Write out word for word the lines from the one holding "perched-house-rara-architect-the-design-emotive-17.jpg" through the end of the data, and only those lines. Pictures stay out.

### PROVIDED MATERIAL
= Beginning of Section =

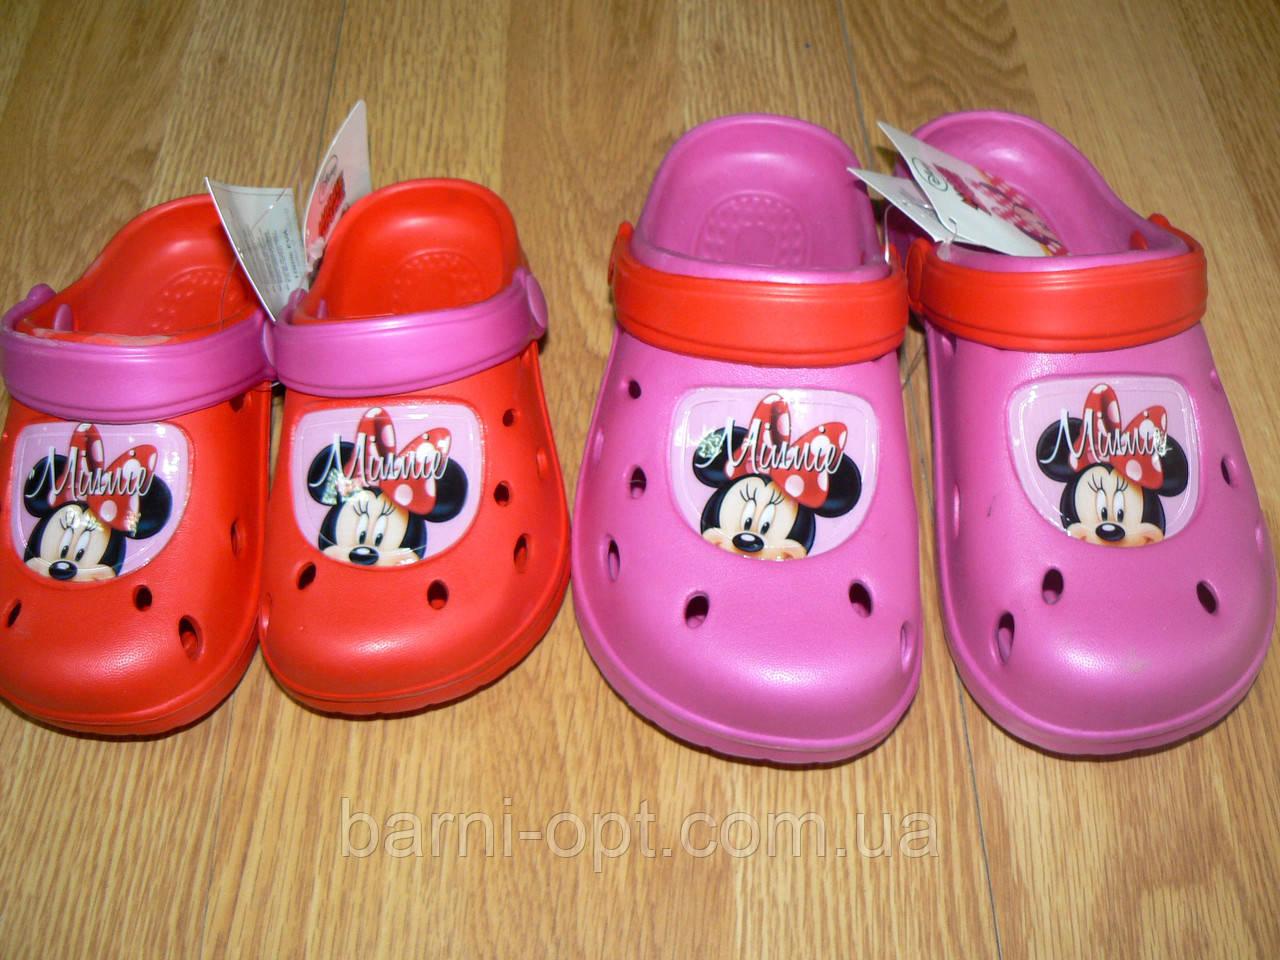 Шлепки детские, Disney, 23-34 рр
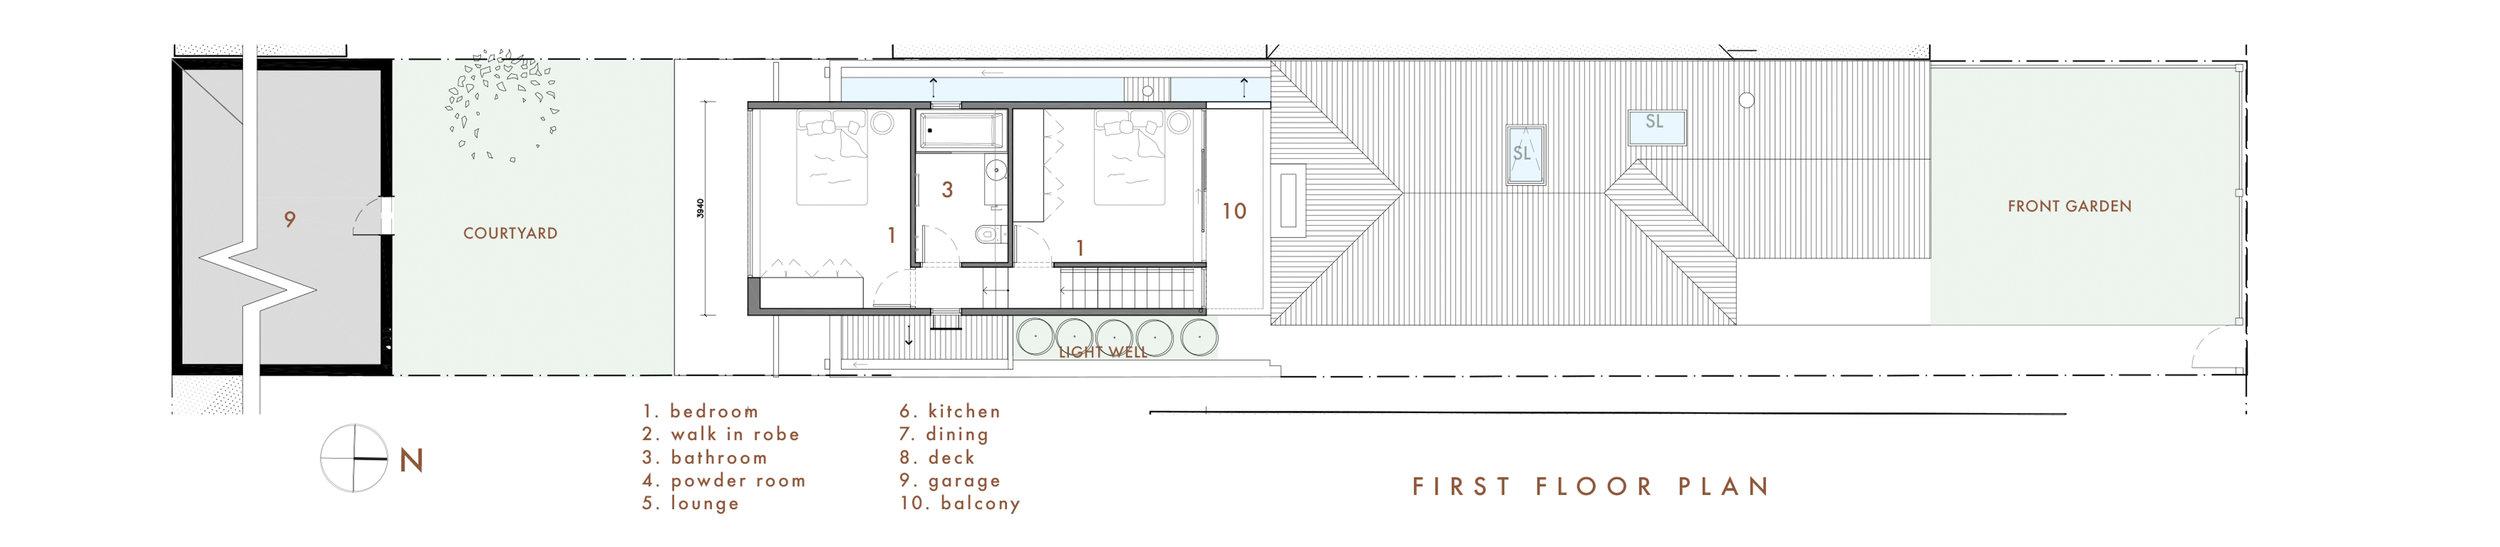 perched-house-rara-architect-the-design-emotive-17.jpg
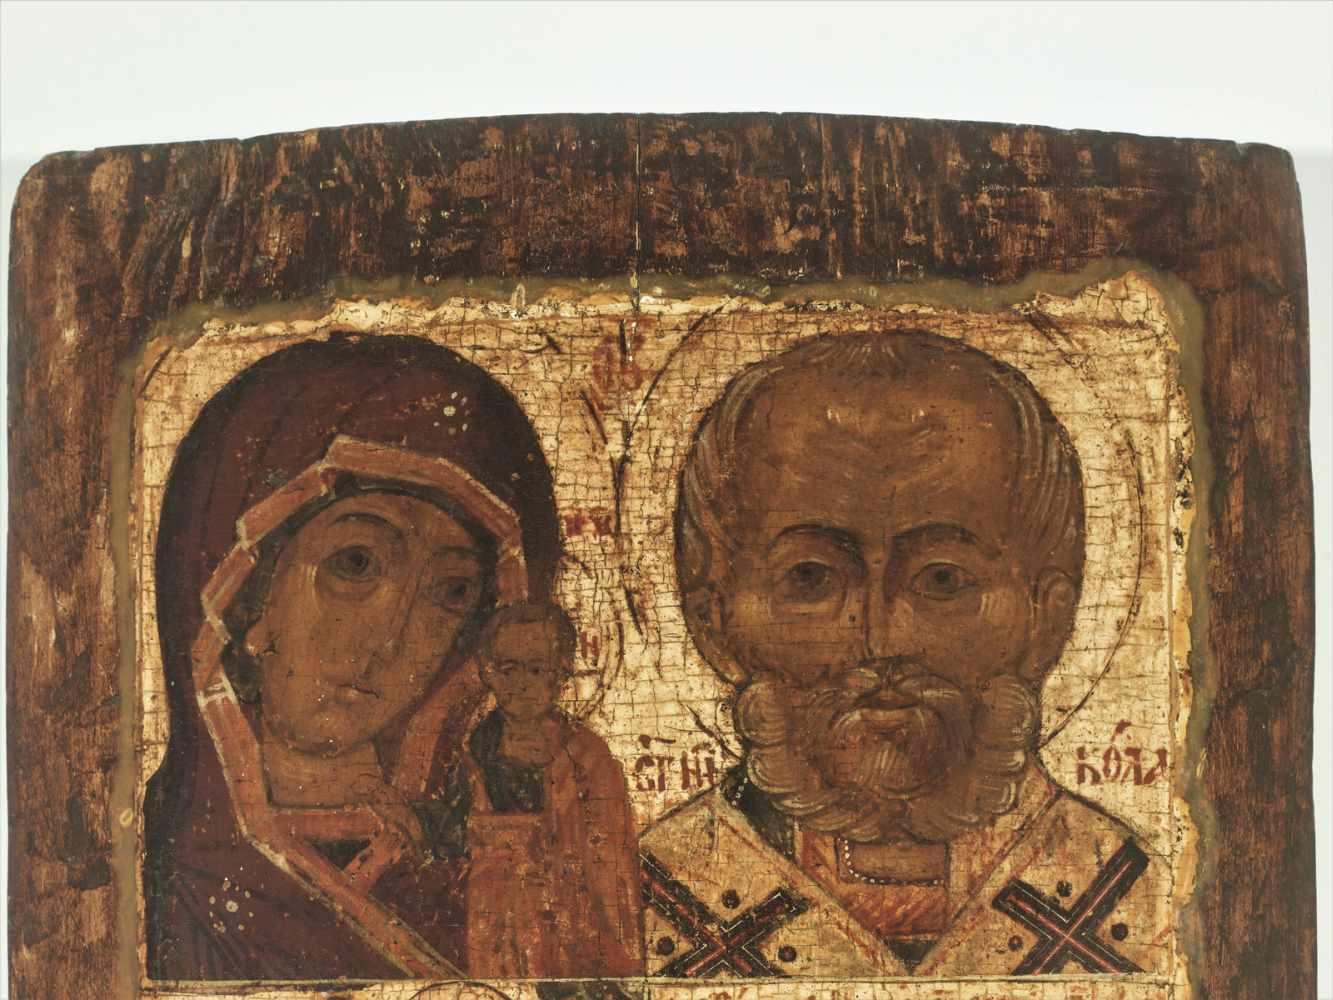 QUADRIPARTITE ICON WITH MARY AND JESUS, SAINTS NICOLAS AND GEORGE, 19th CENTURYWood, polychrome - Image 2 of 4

= End of Section =

### EXERCISE RESULT
 perched-house-rara-architect-the-design-emotive-17.jpg
 QUADRIPARTITE ICON WITH MARY AND JESUS, SAINTS NICOLAS AND GEORGE, 19th CENTURYWood, polychrome - Image 2 of 4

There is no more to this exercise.